Based on another question you posted, I assume that your jurisdiction (still) is Florida.
Is it legal for a restaurant to limit the amount of a certain type of
No, it is illegal. Here the subtlety is that --per your description-- server's bank constitutes debt (rather than payment for goods or services), and 31 USC § 5103 reads:
"United States coins and currency [...] are legal tender for all
debts, public charges, taxes, and dues"
Since non-compliance with the restaurant's new policy can lead to termination, I think your best option is to proceed in accordance with Florida statute 448.102(1):
- In writing, bring to the attention of a supervisor or the employer
the policy or practice, affording the employer "a reasonable
opportunity to correct the activity, policy, or practice"; and if
the restaurant dismissed the reasonable opportunity,
- disclose to the "appropriate governmental agency, under oath, in
writing, an activity, policy, or practice of the employer that is in
violation of a law, rule, or regulation", which in this case is 31
USC § 5103.
If you have to resort to step (2), be sure to include evidence --in writing-- about the substance of the new policy, showing how the restaurant treats server's bank as "debt".

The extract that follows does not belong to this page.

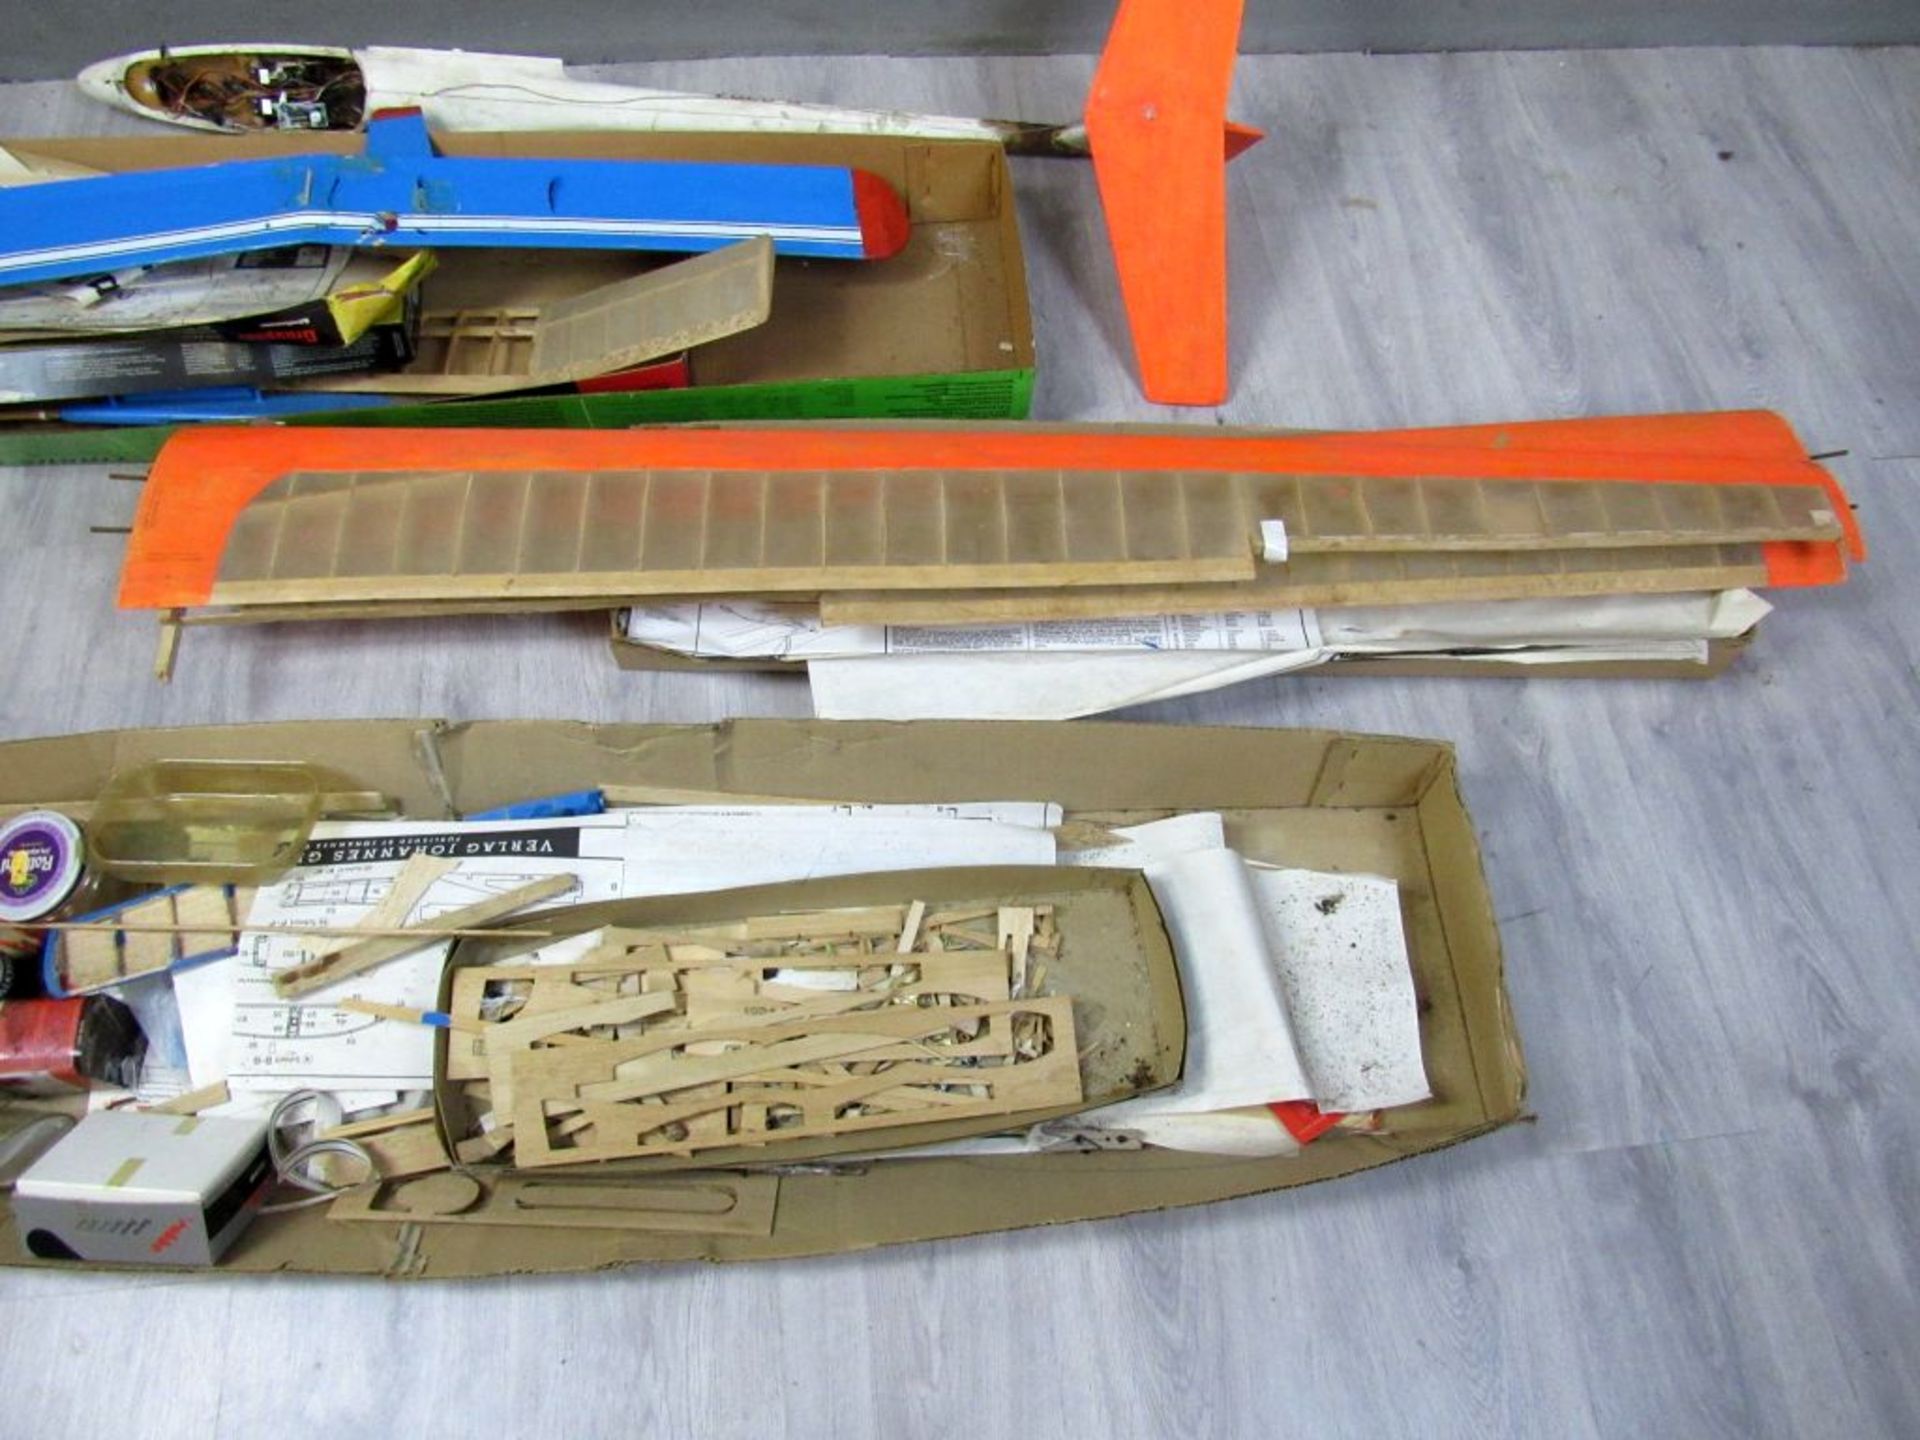 Modellflugzeug Graupner groÃŸer - Bild 3 aus 8

Having taken these two steps, if the restaurant terminates you, then this might be grounds for a lawsuit. See Florida statute 448.103.
In other jurisdictions, the approach might have to be different. For instance, in Michigan, the server would need to file a complaint with the state's labor agency on the basis of MCL 408.478(* ) (prohibiting the employer to demand "[a] consideration, as a condition of employment or continuation of employment"). Here, the "consideration" is that the employer restaurant is demanding its servers to perform --without extra pay-- tasks that have nothing to do with a server's job: Acting as a bank cashier, or going to the bank towards securing the ability to comply with the restaurant's new policy.
(*) I couldn't find an equivalent statute in the Florida legislature.